*** Opening Input data ***
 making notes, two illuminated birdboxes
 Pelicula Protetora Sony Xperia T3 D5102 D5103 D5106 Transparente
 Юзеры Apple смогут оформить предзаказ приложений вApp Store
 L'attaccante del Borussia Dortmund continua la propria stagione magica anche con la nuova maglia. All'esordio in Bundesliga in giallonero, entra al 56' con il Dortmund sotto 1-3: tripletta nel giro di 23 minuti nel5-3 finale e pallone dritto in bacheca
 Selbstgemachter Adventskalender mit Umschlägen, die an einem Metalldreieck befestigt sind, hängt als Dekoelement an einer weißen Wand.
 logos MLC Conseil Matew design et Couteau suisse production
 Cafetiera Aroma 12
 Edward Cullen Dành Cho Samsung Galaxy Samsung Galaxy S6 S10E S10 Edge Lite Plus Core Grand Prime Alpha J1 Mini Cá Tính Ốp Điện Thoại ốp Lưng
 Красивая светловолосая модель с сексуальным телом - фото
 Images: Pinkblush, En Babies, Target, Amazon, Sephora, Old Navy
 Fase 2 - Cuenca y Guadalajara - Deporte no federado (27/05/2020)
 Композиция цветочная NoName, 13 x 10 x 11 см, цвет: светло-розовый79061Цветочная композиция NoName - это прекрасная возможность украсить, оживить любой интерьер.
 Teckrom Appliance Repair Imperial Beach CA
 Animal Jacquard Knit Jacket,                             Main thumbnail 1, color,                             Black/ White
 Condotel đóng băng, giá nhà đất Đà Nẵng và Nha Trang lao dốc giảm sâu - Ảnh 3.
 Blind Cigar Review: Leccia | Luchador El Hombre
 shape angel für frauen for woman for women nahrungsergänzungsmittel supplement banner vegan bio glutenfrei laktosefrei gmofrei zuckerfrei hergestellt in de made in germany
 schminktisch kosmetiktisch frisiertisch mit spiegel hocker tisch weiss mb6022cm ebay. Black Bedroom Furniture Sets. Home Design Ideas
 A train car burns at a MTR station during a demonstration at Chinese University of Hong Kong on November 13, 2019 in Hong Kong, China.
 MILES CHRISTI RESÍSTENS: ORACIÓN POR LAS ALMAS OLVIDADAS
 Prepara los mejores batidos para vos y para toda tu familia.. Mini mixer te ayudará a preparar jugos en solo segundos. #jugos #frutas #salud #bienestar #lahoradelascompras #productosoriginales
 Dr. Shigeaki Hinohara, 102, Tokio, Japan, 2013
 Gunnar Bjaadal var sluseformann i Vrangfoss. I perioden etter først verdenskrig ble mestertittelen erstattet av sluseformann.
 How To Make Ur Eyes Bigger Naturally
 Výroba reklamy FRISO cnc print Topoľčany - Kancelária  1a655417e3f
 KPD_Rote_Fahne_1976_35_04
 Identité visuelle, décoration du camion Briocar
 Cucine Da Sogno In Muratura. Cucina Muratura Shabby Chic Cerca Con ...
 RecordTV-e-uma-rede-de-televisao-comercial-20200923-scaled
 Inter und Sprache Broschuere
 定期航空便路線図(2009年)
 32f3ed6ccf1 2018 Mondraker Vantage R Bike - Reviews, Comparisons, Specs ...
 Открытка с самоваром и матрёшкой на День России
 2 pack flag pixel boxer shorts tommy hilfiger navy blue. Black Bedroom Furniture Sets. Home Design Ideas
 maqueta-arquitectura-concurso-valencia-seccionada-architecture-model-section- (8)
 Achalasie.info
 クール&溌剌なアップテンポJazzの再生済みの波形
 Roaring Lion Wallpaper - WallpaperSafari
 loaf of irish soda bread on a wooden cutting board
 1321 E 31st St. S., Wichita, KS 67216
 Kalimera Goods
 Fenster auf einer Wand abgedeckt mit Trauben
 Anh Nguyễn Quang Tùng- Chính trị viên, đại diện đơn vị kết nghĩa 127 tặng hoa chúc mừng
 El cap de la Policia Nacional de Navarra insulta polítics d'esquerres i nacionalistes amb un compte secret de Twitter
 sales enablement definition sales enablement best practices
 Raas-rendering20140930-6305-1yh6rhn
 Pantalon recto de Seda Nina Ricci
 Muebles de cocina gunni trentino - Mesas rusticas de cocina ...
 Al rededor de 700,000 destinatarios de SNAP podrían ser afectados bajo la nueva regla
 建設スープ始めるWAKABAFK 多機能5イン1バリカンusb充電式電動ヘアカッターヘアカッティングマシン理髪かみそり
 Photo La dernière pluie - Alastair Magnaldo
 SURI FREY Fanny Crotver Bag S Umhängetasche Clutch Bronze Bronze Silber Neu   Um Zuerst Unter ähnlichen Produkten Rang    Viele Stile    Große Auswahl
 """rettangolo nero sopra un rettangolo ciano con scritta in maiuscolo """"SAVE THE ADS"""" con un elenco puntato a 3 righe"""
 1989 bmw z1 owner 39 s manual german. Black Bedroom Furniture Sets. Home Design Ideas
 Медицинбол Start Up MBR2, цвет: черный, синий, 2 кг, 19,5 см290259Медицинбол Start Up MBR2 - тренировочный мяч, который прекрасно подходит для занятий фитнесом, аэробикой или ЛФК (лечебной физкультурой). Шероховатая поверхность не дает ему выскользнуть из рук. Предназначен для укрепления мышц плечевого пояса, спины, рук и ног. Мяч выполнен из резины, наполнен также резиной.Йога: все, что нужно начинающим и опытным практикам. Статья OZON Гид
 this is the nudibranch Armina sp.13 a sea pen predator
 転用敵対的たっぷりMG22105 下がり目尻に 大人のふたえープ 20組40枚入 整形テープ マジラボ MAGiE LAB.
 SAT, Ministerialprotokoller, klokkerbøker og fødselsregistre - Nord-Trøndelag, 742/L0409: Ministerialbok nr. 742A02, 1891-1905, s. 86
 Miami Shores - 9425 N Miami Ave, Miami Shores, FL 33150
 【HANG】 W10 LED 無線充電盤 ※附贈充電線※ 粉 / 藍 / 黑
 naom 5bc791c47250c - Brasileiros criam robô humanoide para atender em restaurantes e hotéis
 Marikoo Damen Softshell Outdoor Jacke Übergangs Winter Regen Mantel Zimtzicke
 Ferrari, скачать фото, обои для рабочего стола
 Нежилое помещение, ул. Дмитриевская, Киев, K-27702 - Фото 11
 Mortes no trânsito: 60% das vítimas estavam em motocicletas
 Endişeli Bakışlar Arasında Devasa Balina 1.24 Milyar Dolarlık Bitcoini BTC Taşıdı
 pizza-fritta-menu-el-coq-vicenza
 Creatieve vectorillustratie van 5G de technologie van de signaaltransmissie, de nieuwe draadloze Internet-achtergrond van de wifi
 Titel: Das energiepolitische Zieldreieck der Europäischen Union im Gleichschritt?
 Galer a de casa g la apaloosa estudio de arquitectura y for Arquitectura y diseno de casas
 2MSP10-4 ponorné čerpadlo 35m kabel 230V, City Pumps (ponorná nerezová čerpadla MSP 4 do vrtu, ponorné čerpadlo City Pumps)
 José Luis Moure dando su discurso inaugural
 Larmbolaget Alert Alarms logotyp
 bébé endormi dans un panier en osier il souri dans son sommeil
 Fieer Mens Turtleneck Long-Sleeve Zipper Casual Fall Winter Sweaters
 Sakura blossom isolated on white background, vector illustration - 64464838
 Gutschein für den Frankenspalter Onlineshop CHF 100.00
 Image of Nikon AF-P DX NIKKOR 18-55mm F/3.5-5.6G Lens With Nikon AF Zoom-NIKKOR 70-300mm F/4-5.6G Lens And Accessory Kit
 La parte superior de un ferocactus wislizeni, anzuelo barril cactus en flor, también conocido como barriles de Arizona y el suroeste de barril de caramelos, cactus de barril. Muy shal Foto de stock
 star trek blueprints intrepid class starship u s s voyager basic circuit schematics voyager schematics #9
*** Closing Input data ***
* _To do_
Give every line of the material again, exactly.

* _Result below_
 making notes, two illuminated birdboxes
 Pelicula Protetora Sony Xperia T3 D5102 D5103 D5106 Transparente
 Юзеры Apple смогут оформить предзаказ приложений вApp Store
 L'attaccante del Borussia Dortmund continua la propria stagione magica anche con la nuova maglia. All'esordio in Bundesliga in giallonero, entra al 56' con il Dortmund sotto 1-3: tripletta nel giro di 23 minuti nel5-3 finale e pallone dritto in bacheca
 Selbstgemachter Adventskalender mit Umschlägen, die an einem Metalldreieck befestigt sind, hängt als Dekoelement an einer weißen Wand.
 logos MLC Conseil Matew design et Couteau suisse production
 Cafetiera Aroma 12
 Edward Cullen Dành Cho Samsung Galaxy Samsung Galaxy S6 S10E S10 Edge Lite Plus Core Grand Prime Alpha J1 Mini Cá Tính Ốp Điện Thoại ốp Lưng
 Красивая светловолосая модель с сексуальным телом - фото
 Images: Pinkblush, En Babies, Target, Amazon, Sephora, Old Navy
 Fase 2 - Cuenca y Guadalajara - Deporte no federado (27/05/2020)
 Композиция цветочная NoName, 13 x 10 x 11 см, цвет: светло-розовый79061Цветочная композиция NoName - это прекрасная возможность украсить, оживить любой интерьер.
 Teckrom Appliance Repair Imperial Beach CA
 Animal Jacquard Knit Jacket,                             Main thumbnail 1, color,                             Black/ White
 Condotel đóng băng, giá nhà đất Đà Nẵng và Nha Trang lao dốc giảm sâu - Ảnh 3.
 Blind Cigar Review: Leccia | Luchador El Hombre
 shape angel für frauen for woman for women nahrungsergänzungsmittel supplement banner vegan bio glutenfrei laktosefrei gmofrei zuckerfrei hergestellt in de made in germany
 schminktisch kosmetiktisch frisiertisch mit spiegel hocker tisch weiss mb6022cm ebay. Black Bedroom Furniture Sets. Home Design Ideas
 A train car burns at a MTR station during a demonstration at Chinese University of Hong Kong on November 13, 2019 in Hong Kong, China.
 MILES CHRISTI RESÍSTENS: ORACIÓN POR LAS ALMAS OLVIDADAS
 Prepara los mejores batidos para vos y para toda tu familia.. Mini mixer te ayudará a preparar jugos en solo segundos. #jugos #frutas #salud #bienestar #lahoradelascompras #productosoriginales
 Dr. Shigeaki Hinohara, 102, Tokio, Japan, 2013
 Gunnar Bjaadal var sluseformann i Vrangfoss. I perioden etter først verdenskrig ble mestertittelen erstattet av sluseformann.
 How To Make Ur Eyes Bigger Naturally
 Výroba reklamy FRISO cnc print Topoľčany - Kancelária  1a655417e3f
 KPD_Rote_Fahne_1976_35_04
 Identité visuelle, décoration du camion Briocar
 Cucine Da Sogno In Muratura. Cucina Muratura Shabby Chic Cerca Con ...
 RecordTV-e-uma-rede-de-televisao-comercial-20200923-scaled
 Inter und Sprache Broschuere
 定期航空便路線図(2009年)
 32f3ed6ccf1 2018 Mondraker Vantage R Bike - Reviews, Comparisons, Specs ...
 Открытка с самоваром и матрёшкой на День России
 2 pack flag pixel boxer shorts tommy hilfiger navy blue. Black Bedroom Furniture Sets. Home Design Ideas
 maqueta-arquitectura-concurso-valencia-seccionada-architecture-model-section- (8)
 Achalasie.info
 クール&溌剌なアップテンポJazzの再生済みの波形
 Roaring Lion Wallpaper - WallpaperSafari
 loaf of irish soda bread on a wooden cutting board
 1321 E 31st St. S., Wichita, KS 67216
 Kalimera Goods
 Fenster auf einer Wand abgedeckt mit Trauben
 Anh Nguyễn Quang Tùng- Chính trị viên, đại diện đơn vị kết nghĩa 127 tặng hoa chúc mừng
 El cap de la Policia Nacional de Navarra insulta polítics d'esquerres i nacionalistes amb un compte secret de Twitter
 sales enablement definition sales enablement best practices
 Raas-rendering20140930-6305-1yh6rhn
 Pantalon recto de Seda Nina Ricci
 Muebles de cocina gunni trentino - Mesas rusticas de cocina ...
 Al rededor de 700,000 destinatarios de SNAP podrían ser afectados bajo la nueva regla
 建設スープ始めるWAKABAFK 多機能5イン1バリカンusb充電式電動ヘアカッターヘアカッティングマシン理髪かみそり
 Photo La dernière pluie - Alastair Magnaldo
 SURI FREY Fanny Crotver Bag S Umhängetasche Clutch Bronze Bronze Silber Neu   Um Zuerst Unter ähnlichen Produkten Rang    Viele Stile    Große Auswahl
 """rettangolo nero sopra un rettangolo ciano con scritta in maiuscolo """"SAVE THE ADS"""" con un elenco puntato a 3 righe"""
 1989 bmw z1 owner 39 s manual german. Black Bedroom Furniture Sets. Home Design Ideas
 Медицинбол Start Up MBR2, цвет: черный, синий, 2 кг, 19,5 см290259Медицинбол Start Up MBR2 - тренировочный мяч, который прекрасно подходит для занятий фитнесом, аэробикой или ЛФК (лечебной физкультурой). Шероховатая поверхность не дает ему выскользнуть из рук. Предназначен для укрепления мышц плечевого пояса, спины, рук и ног. Мяч выполнен из резины, наполнен также резиной.Йога: все, что нужно начинающим и опытным практикам. Статья OZON Гид
 this is the nudibranch Armina sp.13 a sea pen predator
 転用敵対的たっぷりMG22105 下がり目尻に 大人のふたえープ 20組40枚入 整形テープ マジラボ MAGiE LAB.
 SAT, Ministerialprotokoller, klokkerbøker og fødselsregistre - Nord-Trøndelag, 742/L0409: Ministerialbok nr. 742A02, 1891-1905, s. 86
 Miami Shores - 9425 N Miami Ave, Miami Shores, FL 33150
 【HANG】 W10 LED 無線充電盤 ※附贈充電線※ 粉 / 藍 / 黑
 naom 5bc791c47250c - Brasileiros criam robô humanoide para atender em restaurantes e hotéis
 Marikoo Damen Softshell Outdoor Jacke Übergangs Winter Regen Mantel Zimtzicke
 Ferrari, скачать фото, обои для рабочего стола
 Нежилое помещение, ул. Дмитриевская, Киев, K-27702 - Фото 11
 Mortes no trânsito: 60% das vítimas estavam em motocicletas
 Endişeli Bakışlar Arasında Devasa Balina 1.24 Milyar Dolarlık Bitcoini BTC Taşıdı
 pizza-fritta-menu-el-coq-vicenza
 Creatieve vectorillustratie van 5G de technologie van de signaaltransmissie, de nieuwe draadloze Internet-achtergrond van de wifi
 Titel: Das energiepolitische Zieldreieck der Europäischen Union im Gleichschritt?
 Galer a de casa g la apaloosa estudio de arquitectura y for Arquitectura y diseno de casas
 2MSP10-4 ponorné čerpadlo 35m kabel 230V, City Pumps (ponorná nerezová čerpadla MSP 4 do vrtu, ponorné čerpadlo City Pumps)
 José Luis Moure dando su discurso inaugural
 Larmbolaget Alert Alarms logotyp
 bébé endormi dans un panier en osier il souri dans son sommeil
 Fieer Mens Turtleneck Long-Sleeve Zipper Casual Fall Winter Sweaters
 Sakura blossom isolated on white background, vector illustration - 64464838
 Gutschein für den Frankenspalter Onlineshop CHF 100.00
 Image of Nikon AF-P DX NIKKOR 18-55mm F/3.5-5.6G Lens With Nikon AF Zoom-NIKKOR 70-300mm F/4-5.6G Lens And Accessory Kit
 La parte superior de un ferocactus wislizeni, anzuelo barril cactus en flor, también conocido como barriles de Arizona y el suroeste de barril de caramelos, cactus de barril. Muy shal Foto de stock
 star trek blueprints intrepid class starship u s s voyager basic circuit schematics voyager schematics #9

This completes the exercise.